An independent self-generating all-round road traffic monitoring system includes a piezoelectric sheet, a proximity switch 2, an energy storage unit, a wireless transmission module 4, a wind energy capture unit 7, a solar panel 8, a signal processing unit 9 and a terminal server 10. The piezoelectric sheet and the proximity switch 2 are buried in the road surface, and part of the piezoelectric sheet constitutes a piezoelectric monitoring unit 3. The piezoelectric detection unit 3 spans the entire lane and is composed of a primary detection unit perpendicular to the road direction and a secondary detection unit intersecting with one end of the primary detection unit at 15-25°. The primary detection unit and the secondary detection unit are both composed of the piezoelectric sheets arranged (as is common knowledge in the art, in order to improve accuracy, the piezoelectric sheets are closely arranged, and adjacent piezoelectric sheets are separated by insulating glue). The proximity switch 2 is located in the middle of the lane and is adjacent to the primary detection unit. The remaining piezoelectric sheets constitute the piezoelectric energy capture unit 1. The piezoelectric energy capture unit 1, the wind energy capture unit 7, and the solar panel 8 constitute an energy collection unit, which are respectively connected to the energy storage unit 6 through the rectifier circuit 5; the energy storage unit 6 is connected to the wireless transmission module 4, the signal processing unit 9, and the proximity switch 2 to supply power respectively. Each piezoelectric sheet and the proximity switch 2 in the piezoelectric detection unit are respectively connected to the signal processing unit 9. The signal processing unit 9 can obtain relevant monitoring data through simple logical operations based on the data measured by the piezoelectric sheet and the proximity switch 2. The signal processing unit 9 is connected to the terminal server 10 through the wireless transmission module 4 to send local traffic information. Through the present invention, intelligent early warning of speeding vehicles, overloaded vehicles, and traffic flow can be achieved.

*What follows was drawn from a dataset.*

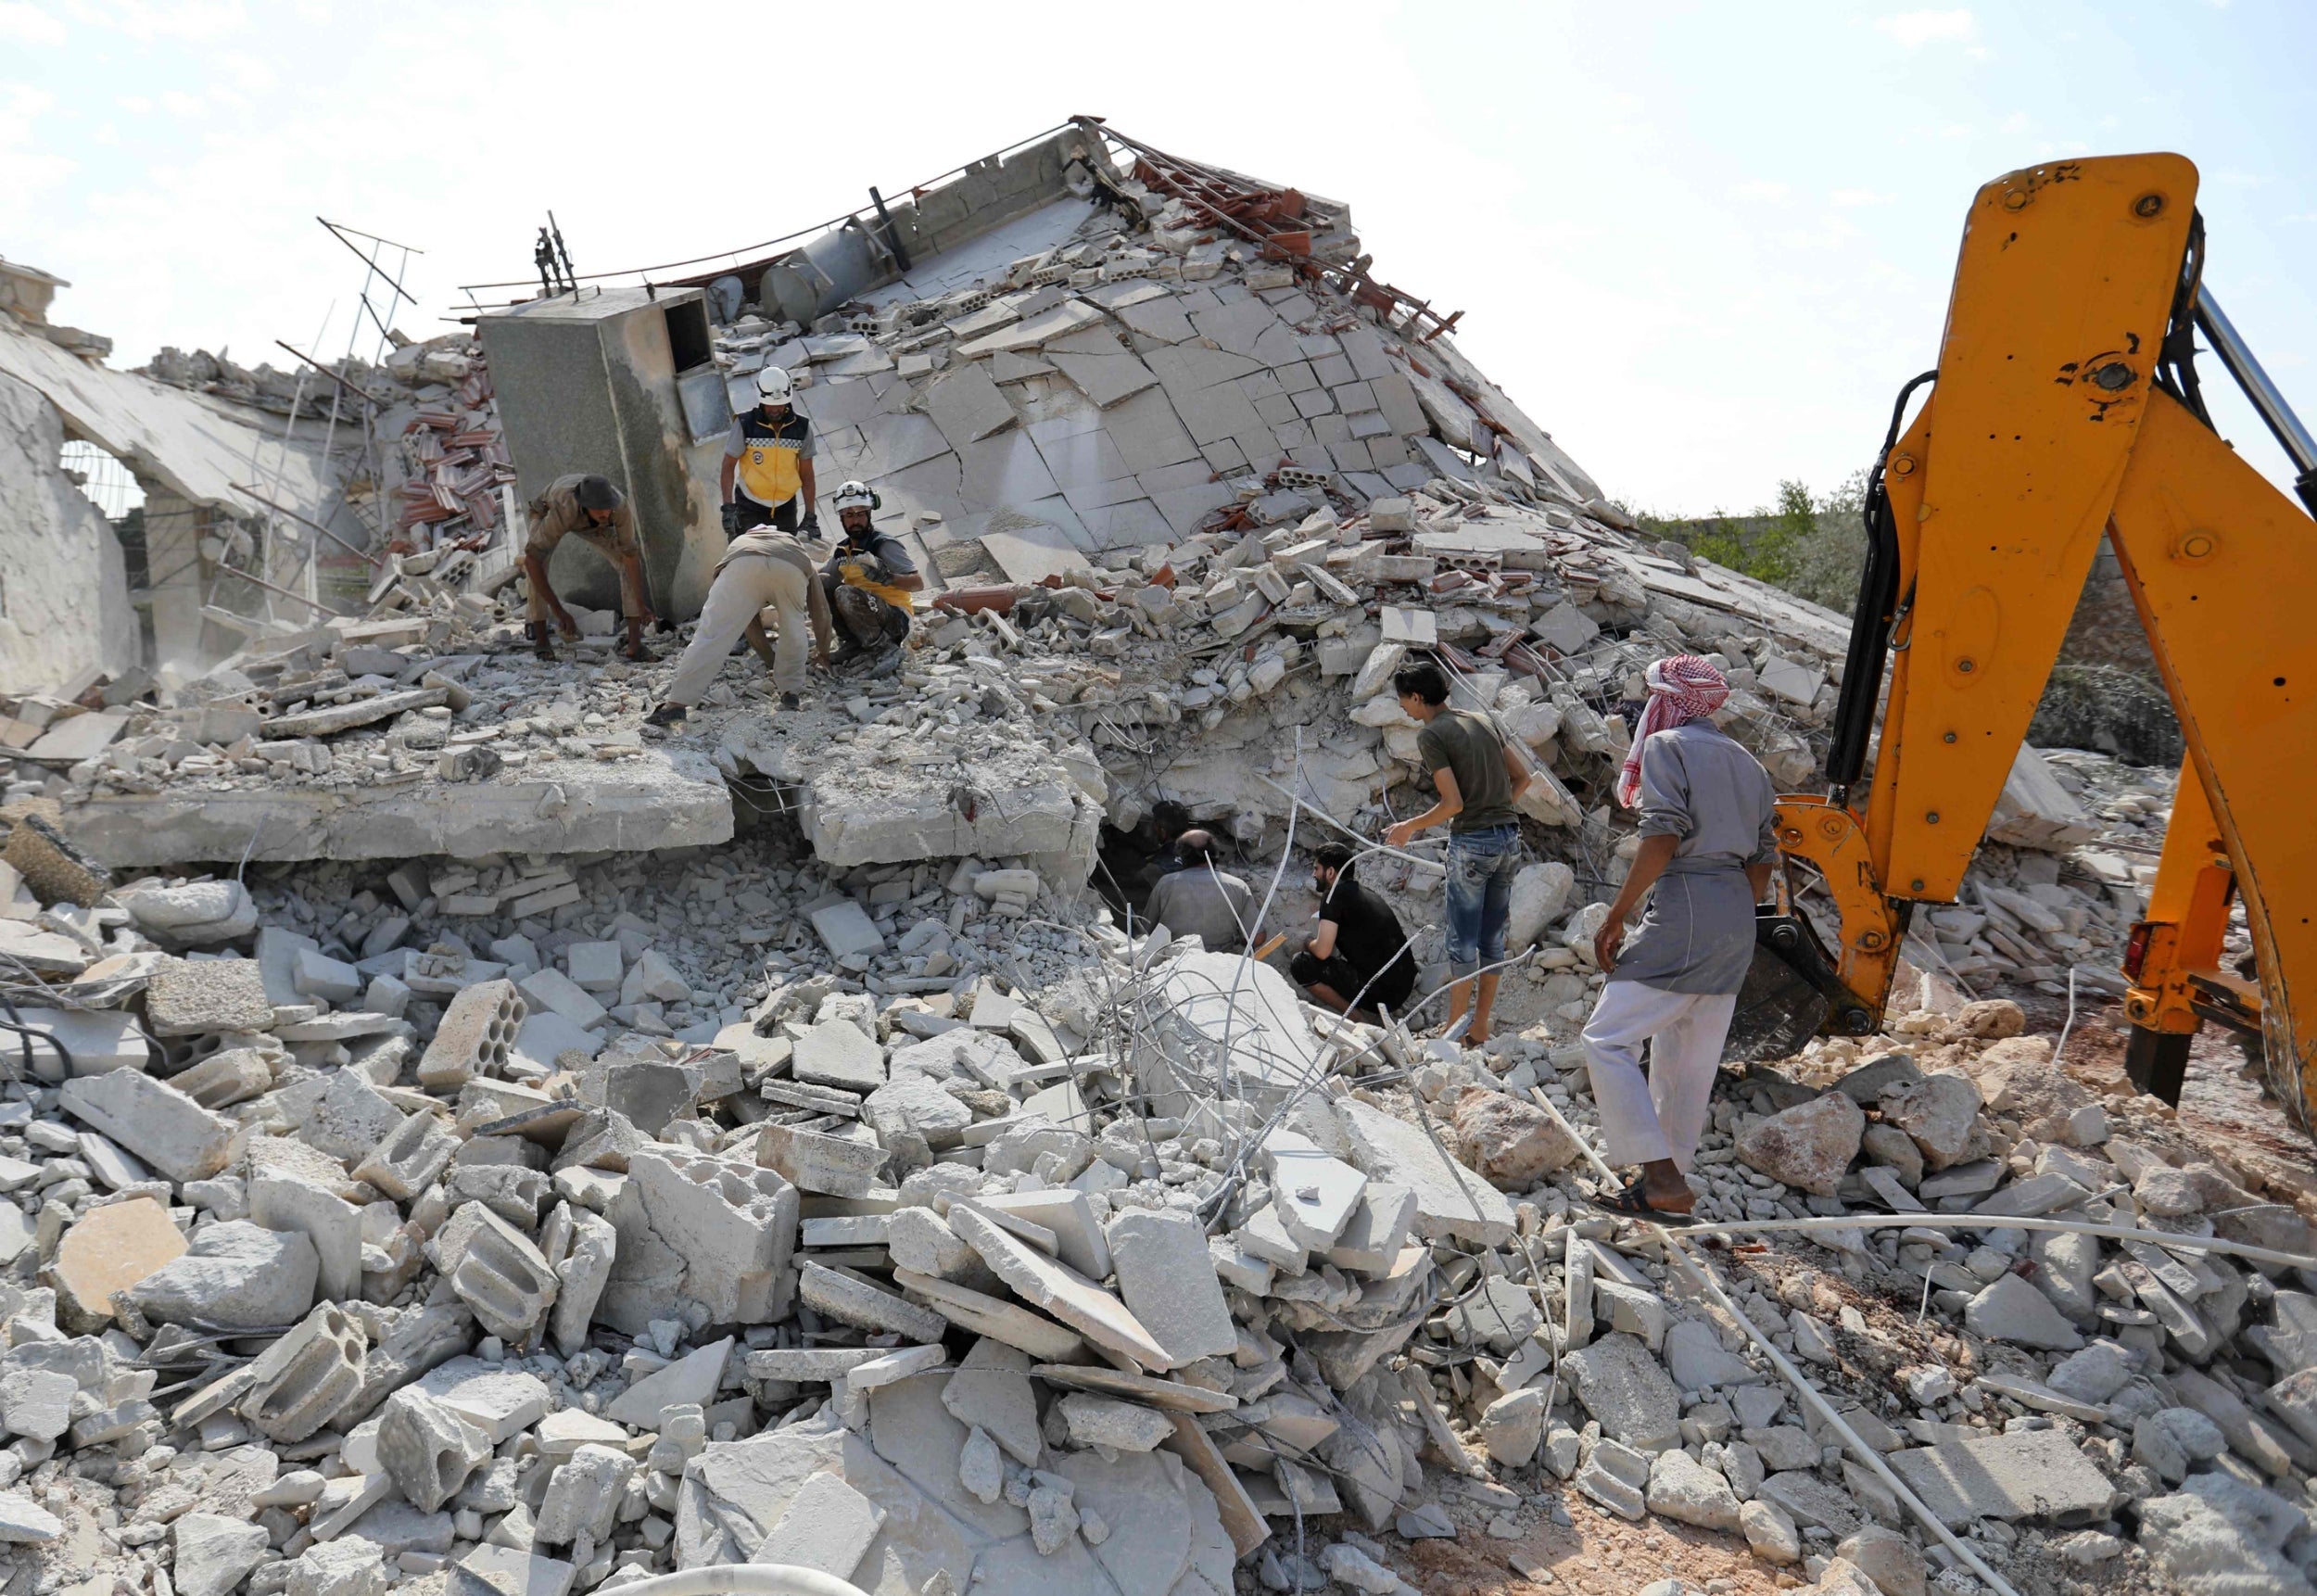 Members of the Syrian Civil Defence (White Helmets) search for victims amidst the rubble of a building that collapsed during reported air strikes by pro-regime forces in the village of Beinin, north of Maaret al-Numan, in the northern Idlib province

Among them, the arrangement of the piezoelectric sheets in the piezoelectric energy capture unit 1 can be arbitrary. The figure shows a regular rectangular array for the energy supply of the system. When a vehicle passes over the piezoelectric sheet, part of the gravitational potential energy is converted into electrical energy through the piezoelectric sheet and stored in the energy storage unit. The traffic monitoring device integrates three power generation methods: piezoelectric, wind power generation and solar power generation. It does not require external power supply and can store and utilize surplus electrical energy through the energy storage device. When there are special circumstances such as few vehicles on the monitored road section or rainy weather, the three power generation methods can complement each other to ensure the normal operation of the system.

The use of the present invention is described in detail below in conjunction with the embodiments. After connecting the above components, those skilled in the art can obtain relevant traffic information according to the following instructions.

First, determine two intersecting straight lines with an angle of 15-25°, which are used to arrange the primary detection unit and the secondary detection unit respectively. In the two detection units, the piezoelectric sheets are numbered in sequence, namely P ₁ , P ₂ ···P _n , P ₁ ', P ₂ '···P _n '; the distance between two adjacent piezoelectric sheets is controlled between 5 and 10 cm. Arrange proximity switch 2 in the center of the lane, and the switch is adjacent to the primary detection unit. Then follow the steps below to detect the road conditions:

(1) First, the electrical signal obtained by the piezoelectric detection unit is processed in segments according to the working state of the proximity switch. FIG7 shows this segment processing process, indicating that two vehicles pass through within the monitoring time range, and the first vehicle is a two-axle vehicle and the second vehicle is a three-axle vehicle; FIG3 separately shows the two conduction stages of the proximity switch, indicating that two vehicles pass through the detection area within this time period.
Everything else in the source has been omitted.